Linux Fu: Regular Expressions

If you consider yourself a good cook, you may or may not know how to make a souffle or baklava. But there are certain things you probably do know how to do that form the basis of many recipes. For example, you can probably boil water, crack an egg, and brown meat. With Linux or Unix systems, you can make the same observation. You might not know how to set up a Wayland server or write a kernel module. But there are certain core skills like file manipulation and editing that will serve you no matter what you do. One of the pervasive skills that often gives people trouble is regular expressions. Many programs use these as a way to specify search patterns, usually in text strings such as files.

If you aren’t comfortable with regular expressions, that’s easy to fix. They aren’t that hard to learn and there are some great tools to help you. Many tools use regular expressions and the core syntax is the same. The source of confusion is that the details beyond core syntax have variations.

Let’s look at the foundation you need to understand regular expression well.
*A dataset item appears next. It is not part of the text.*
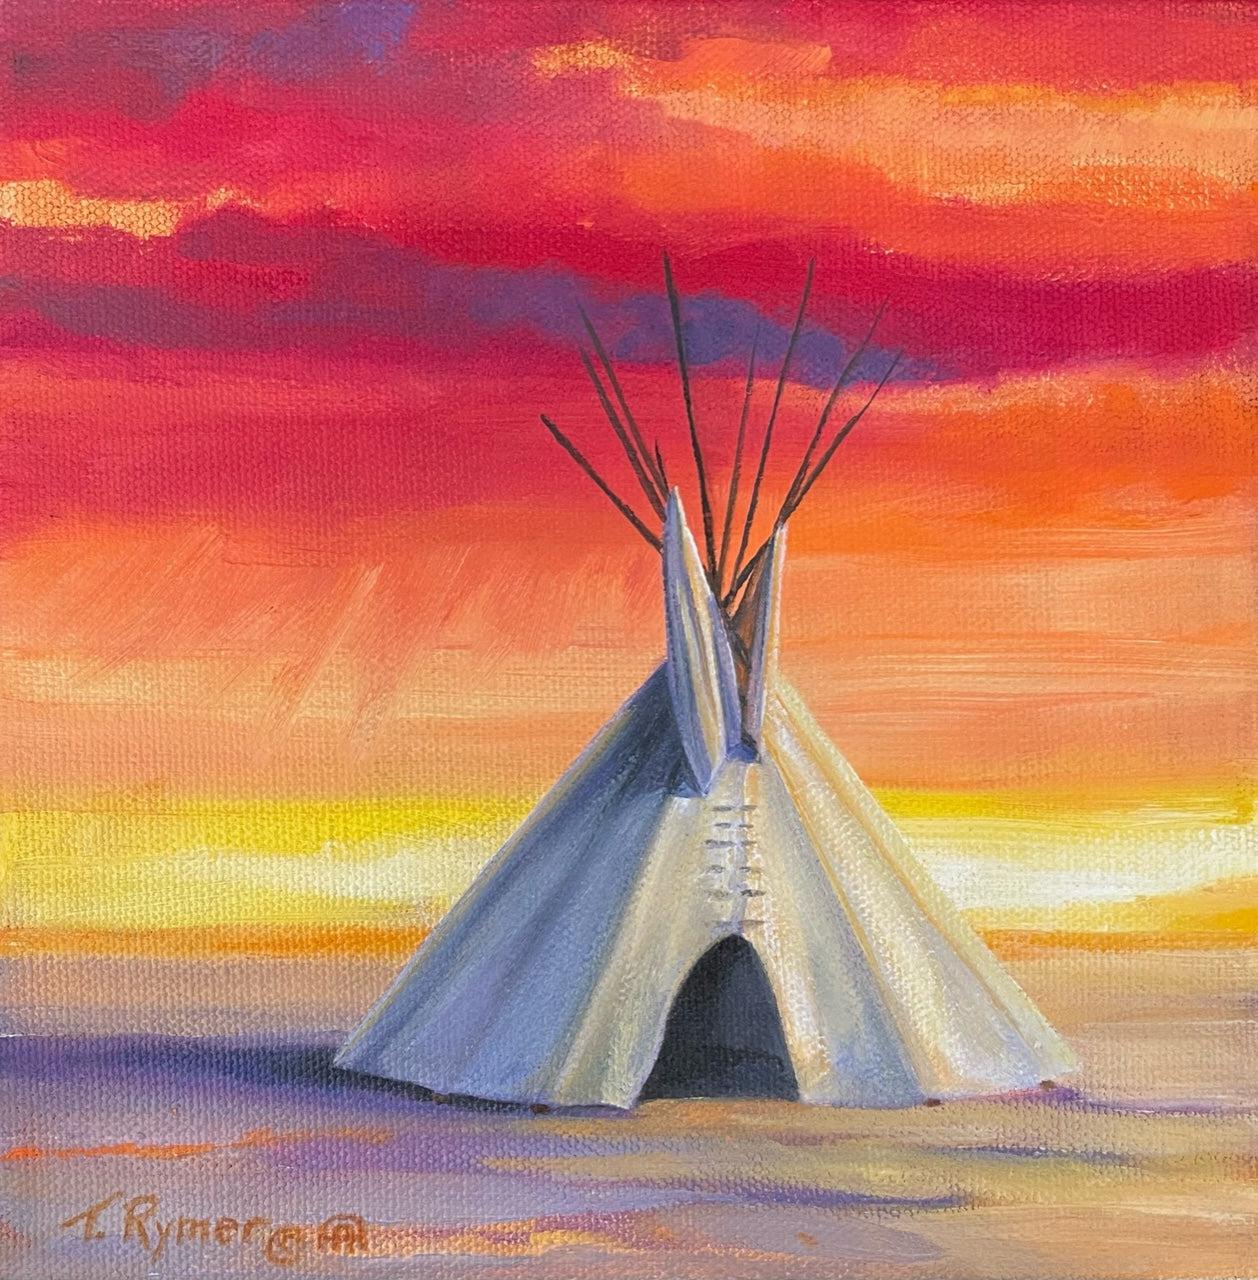 They Spent the Summer-Painting-Tamara Rymer-Sorrel Sky Gallery

Programs that Utilize Regexp

Perhaps the most obvious program that uses regular expressions — or regexps, for short — is grep. This is a simple program that takes a regexp and one or more file names (unless you want to read from standard input). By default, it prints any lines that match the regexp. Like I said, simple, but powerful and one of the most used command line tools which is why I use it as the example in this article.

But grep isn’t the only program that uses regular expressions. Awk, sed, Perl, editors like VIM and emacs, and many other programs can use regular expressions for pattern matching. And because regexp is so common you will see it pop up in user settings and even web apps as a way to extend the utility of the applications.
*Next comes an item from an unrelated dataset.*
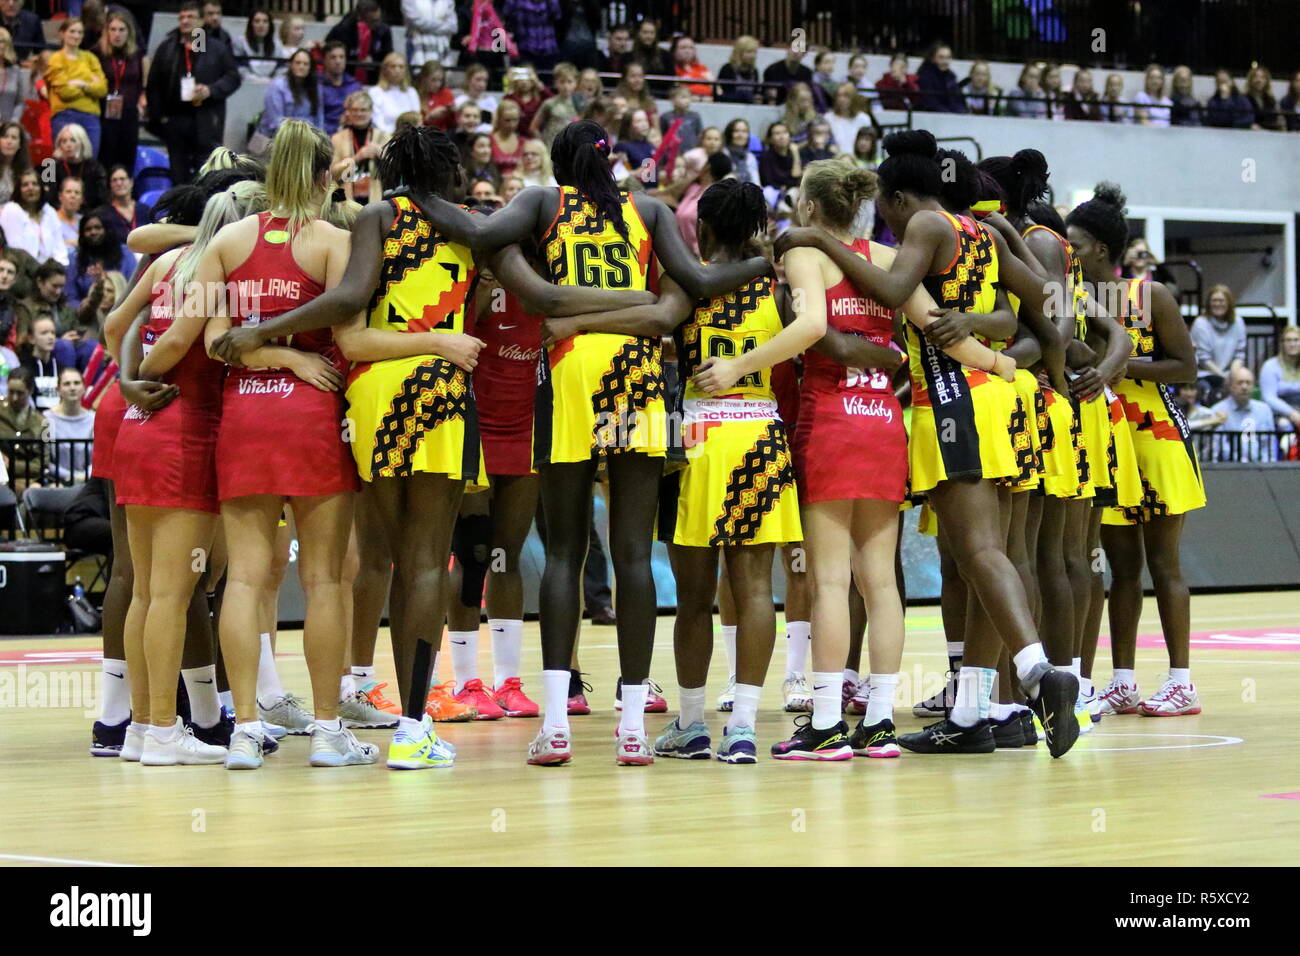 LONDON, UK. 2nd Dec, 2018. Teams group at the end of The Vitality Netball International Series match between England and Uganda at the Copper Box Arena on December 2, 2018 in London, England, UK Credit: Grant Burton/Alamy Live News Stock Photo

Depending on your system, you may have similar programs like egrep. On my system, egrep is just a wrapper around grep that passes the -E option which changes the kind of regular expression grep parses. For the purpose of this post, I’ll talk about egrep by default.

Character Matching and Classes

Consider this command line:

egrep dog somefile.txt

This would search somefile.txt and match the following lines:

I am a dog.
There is a special dogma involved. 
---dog---

Period as Wildcard

It would not match “Dog” because regexps are case sensitive by default. If that was all there was to it, regexps would not be a very interesting topic. You can use a period as a sort of wildcard that will match any character. So the pattern "d.g" would match both “dog” and “dig” (or “d$g” for that matter).

Escape Characters

What happens if you want to match a period, then? You can escape any special character with a backslash. So "d\.g" will match “d.g” and nothing else. However, keep in mind the tool you are using to enter the regular expression might use backslashes, too. For example, consider this session:

There is a gotcha here. The shell interprets \. as a single period. It doesn’t see the backslash are part of the search but as an escape character in the shell itself. To properly pass \. to grep, you have to escape the backslash (\\) as in the second example. Quoting special characters can get tricky and depends on what shell you use. If you use bash, you might want to just enclose your expressions in quotes or double quotes. Even then, the rules about backslashes still apply.

Character Classes

Sometimes you don’t want a single character, but you don’t just want any character, either. That’s where character classes come in. For example:

egrep [XYZ][0-9][0-9][0-9]V afile.txt

This will select strings like “X000V” or “Z123V”. It is common to use these to allow case insensitivity (for example, [aA] or [a-zA-Z]).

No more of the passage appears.